IP Address	IP address of the certificate
Key Type	Type of the key pair used for generating the SSL decryption certificate on the FW
Key Length	A shorter key improves the encryption and decryption speed but is less secure. It is recommended that the key length be greater than 1024 bits.

Download and install the SSL decryption certificate.

In SSL Decryption Certificate List, click Download in the column where the trusted certificate resides, and save the SSL decryption certificate to the local disk.

Parameter	Description
File Format	According to actual requirements, select Export files in PEM format, Export files in CER format or Export files in PKCS12 format.
Password	If a certificate contains a key, you must enter a password for security.
Confirm Password	Re-enter the new password.

Send the SSL decryption certificate to the user by emails or place it on the server for the user to download.
Install and trust the SSL decryption certificate in the browser on the client.

The Firefox browser has an independent certificate detection mechanism. If an intranet PC uses the Firefox browser, you need to import the certificate to the Firefox browser, even if the certificate has been imported to other browsers (such as Internet Explorer browser) in the same operating system.

Methods for installing certificates vary depending on browsers. This section uses Internet Explorer 8 browser as an example. For details about SSL decryption certification installation on a client, see Appendix: Installing SSL Decryption Certificates.

Importing a Certificate to the FW Using the CLI

Upload a server CA certificate.
For details about how to upload certificate files on the FW, see Configuring the FW as an FTP Server.

The uploaded certificate and private key must be saved to the specified directory as required. The certificate and private key of the root system are stored in the hda1:/pki/public/ directory. The certificate and private key of a virtual system are stored in the hda1:/pki/vsys/ directory (vsys is a virtual system name).
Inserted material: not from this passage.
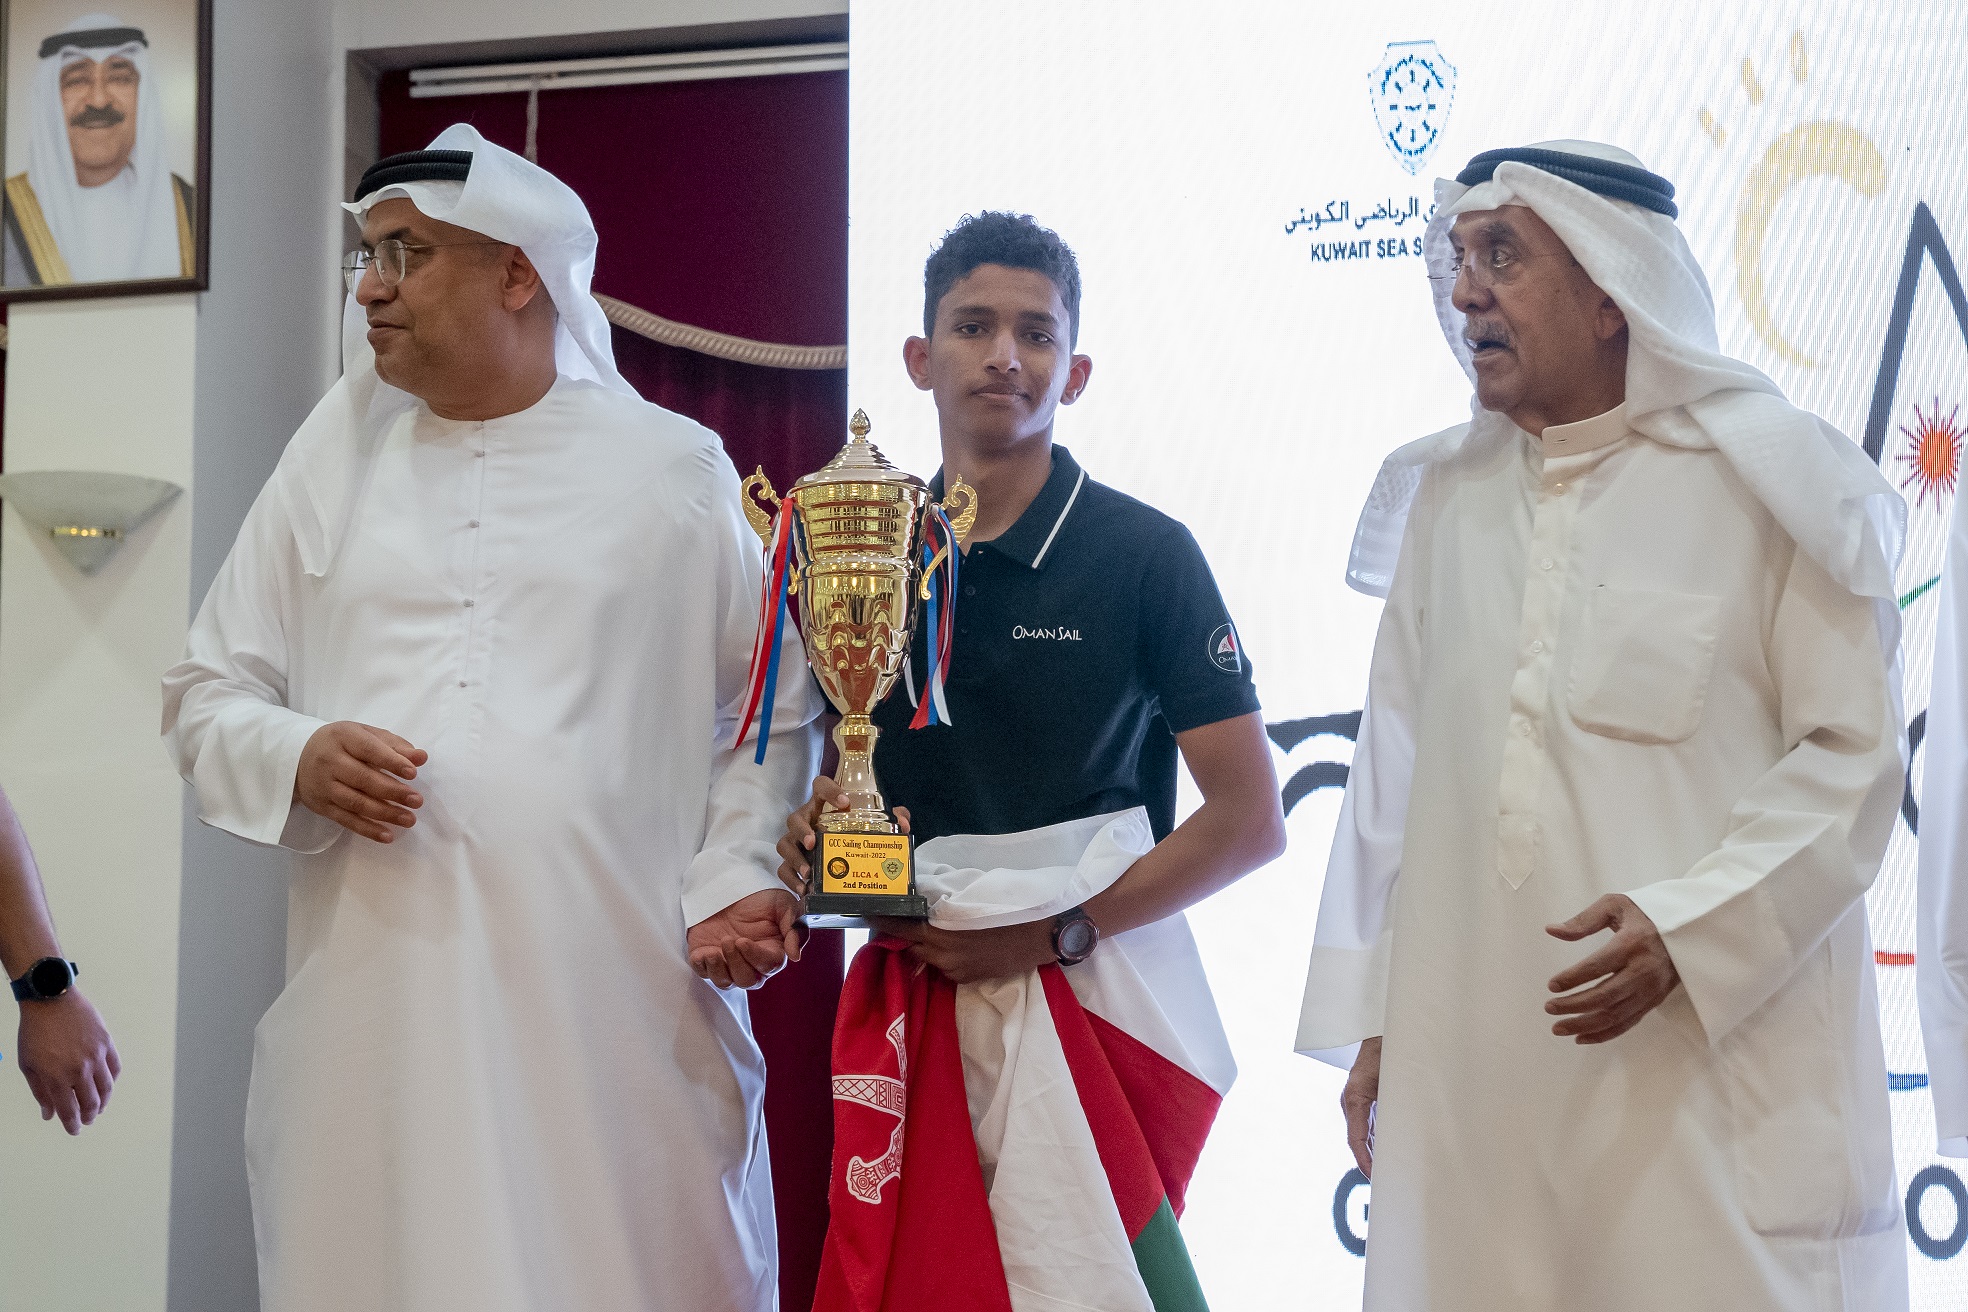 فريقنا يحصد غلّة من الميداليات في البطولة الخليجية للشراع بالكويت

When the certificate and private key that are not saved as required are imported to the device memory, the system displays a message, indicating that the certificate does not exist.

Import the uploaded server CA certificate to the memory of the FW, and specify the imported server CA certificate as a trusted server CA certificate.

<sysname> system-view 
[sysname] pki realm abc 
[sysname-pki-realm-abc] quit 
[sysname] pki import-certificate ca realm abc pem filename ca.cer 
[sysname] app-proxy ca trust filename ca.cer

Configure the SSL decryption certificate.
You can manually generate the SSL decryption certificate or import an external CA certificate to the FW. This section describes how to manually generate the SSL decryption certificate on the FW.

Create an RSA key pair of the SSL decryption certificate.
```
<sysname> system-view
[sysname] pki rsa built-in-ca rsakey create exportable
```
Create a PKI entity.
```
<sysname> system-view 
[sysname] pki entity entity1 
[sysname-pki-entity-entity1] common-name test
```
You can also configure the IP address and email address of the PKI entity, which are not listed here. Generate an SSL decryption certificate and import it to the memory.

Generate an SSL decryption certificate and import it to the memory.

<sysname> system-view 
[sysname] pki generate built-in-ca certificate rsa-key-pair rsakey entity entity1 
[sysname] pki import-certificate built-in-ca filename key1_builtinca.cer

Mark one decryption certificate trusted and the other untrusted.
```
<sysname> system-view 
[sysname] app-proxy built-in-ca trust filename key1_builtinca.cer
```
When performing SSL handshake with a true server as a proxy client, the FW checks whether the server certificate is issued by a trusted CA.

If not, the FW issues a temporary certificate to the client using the SSL decryption certificate marked as untrusted. In this way, a security warning is displayed on the client, and a user can continue the access only after releasing the security warning.
If yes, the FW issues a temporary certificate to the client using the SSL decryption certificate marked as trusted. You need to export the trusted SSL encryption certificate, and install and trust the certificate on the intranet client. For details, see Downloading and Installing the SSL Decryption Certificate.